TL;DR
How do you test a value object in isolation from its dependencies without stubbing or injecting them?
In Misko Hevery\'s blog post T
Your scenario can also be applied to entities. There are cases where an entity requires some dependency in order to perform some behaviour. As far as I can tell the most popular mechanism to use is double-dispatch.
I'll use C# for my examples.
In your case you could have something like this:
public void Validate(IQuantityValidator validator)
As other answers have noted a value object is typically simple enough to perform its invariant checking in the constructor. An e-mail value object would be a good example as an e-mail has a very specific structure.
Something a bit more complex could be an OrderLine
where we need to determine, totally hypothetical, whether it is, say, taxable:
public bool IsTaxable(ITaxableService service)
In the article you reference I would assert that the 'newable' relates quite a bit to the 'transient' type of life cycle that we find in DI containers as we are interested in specific instances.

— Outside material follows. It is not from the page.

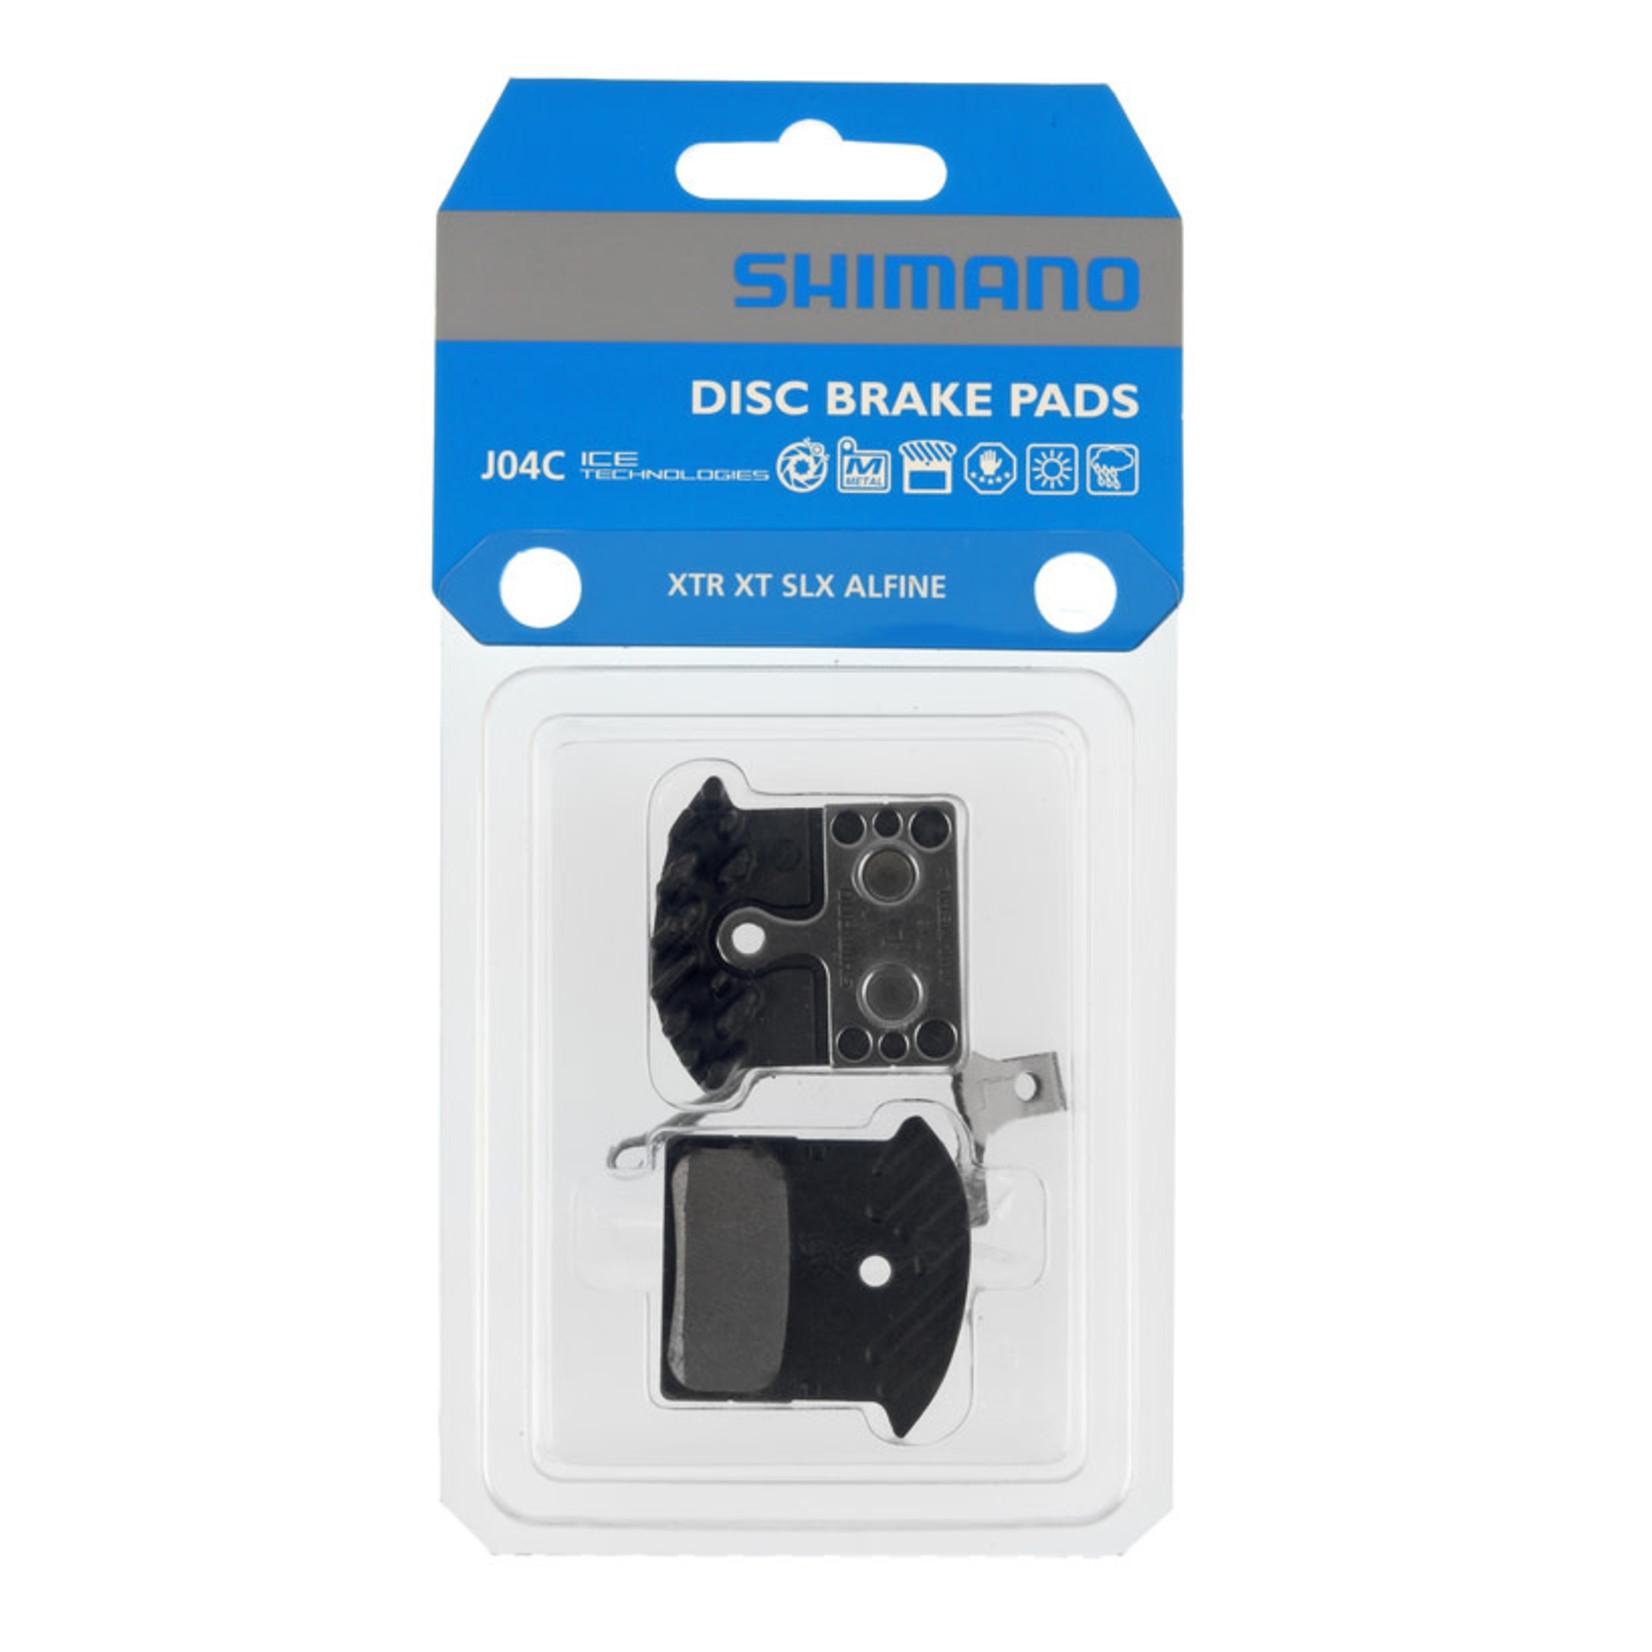 Shimano Shimano J04C Disc Brake Pads, Metal w/fin

However, when we need to inject specific values the transient business does not really help. This is the case for entities where each is a new instance but has very different state. A repository would hydrate the object but it could just as well use a factory.
The 'true' dependencies typically have a 'singleton' life-cycle.
So for the 'newable' instances a factory could be used if you would like to perform validation upon construction by having the factory call the relevant validation method on your value object using the injected validator dependency as Mark Seemann has mentioned.
This gives you the freedom to still test in isolation without coupling to a specific implementation in your constructor.
Just a slightly different angle on what has already been answered. Hope it helps :)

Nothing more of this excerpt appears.